Discovered some good performance gains during query time of Parquet files that if we read in all the Parquet values into the buffer at once instead of page by page it decreases query times.
thor@thors-MacBook-Pro ~/.../github.com/polarsignals/frostdb % benchstat before.txt after.txt
name old time/op new time/op delta
_ParquetAggregation/paruqet_aggregation-10 16.0ms ± 0% 9.3ms ± 1% -41.80% (p=0.000 n=9+10)
name old alloc/op new alloc/op delta
_ParquetAggregation/paruqet_aggregation-10 33.0MB ± 0% 37.9MB ± 0% +14.99% (p=0.000 n=9+10)
name old allocs/op new allocs/op delta
_ParquetAggregation/paruqet_aggregation-10 1.42k ± 0% 1.40k ± 0% -1.88% (p=0.000 n=9+10)

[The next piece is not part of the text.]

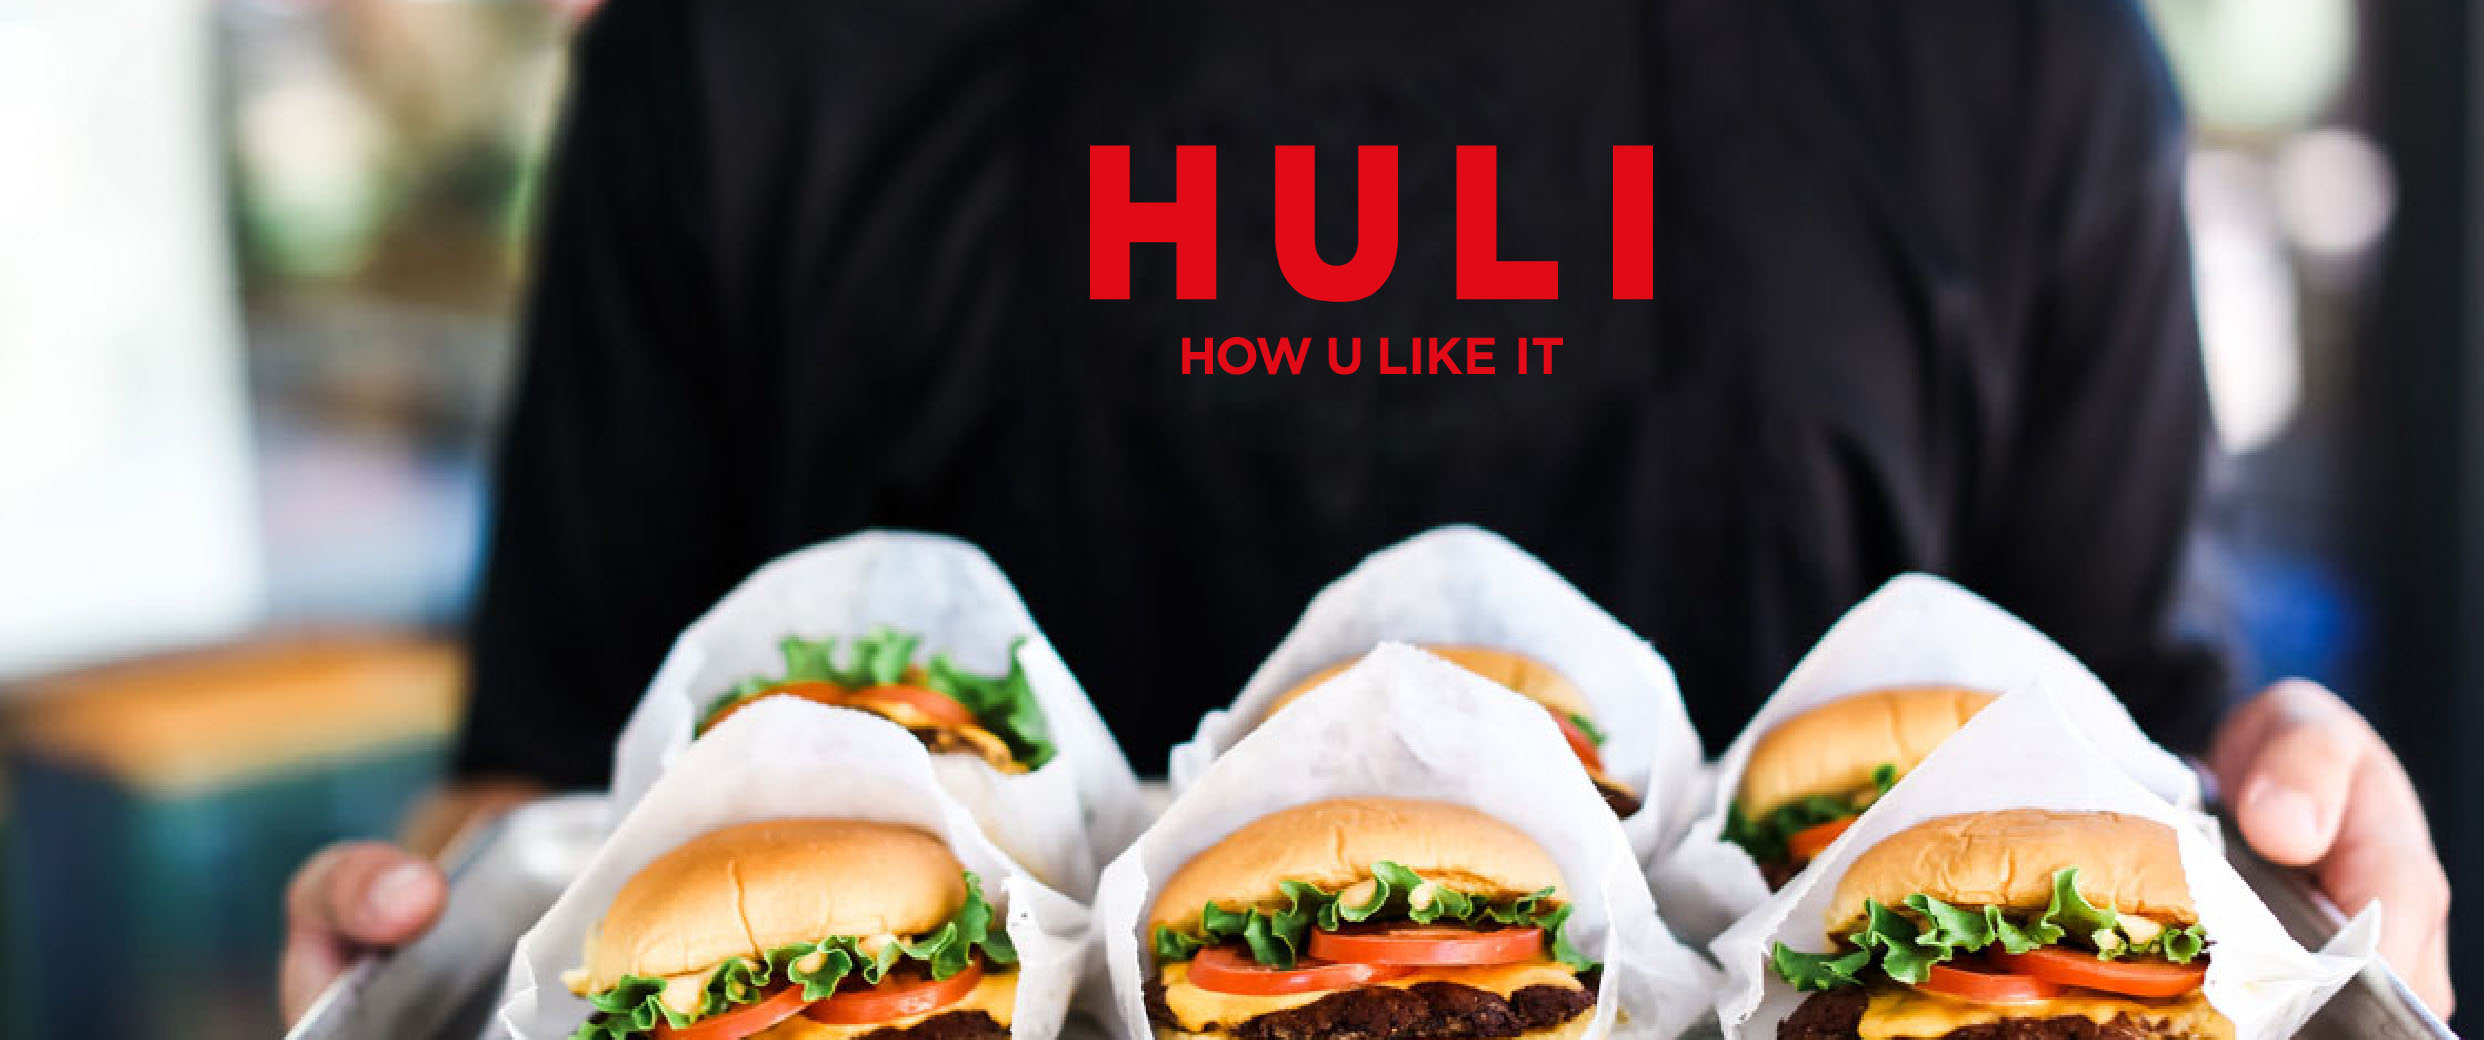 LMPP Huli Burger Uniform.jpg

Slightly more data allocated (due to the larger buffer) but I think it's a worthwhile trade off
Ooof I found that there was a bug in this change where if we had more than two pages the offset i was incorrect and we started to overwrite pages. The different when that's fixed is minimal. Going to close
Discovered some good performance gains during query time of Parquet files that if we read in all the Parquet values into the buffer at once instead of page by page it decreases query times.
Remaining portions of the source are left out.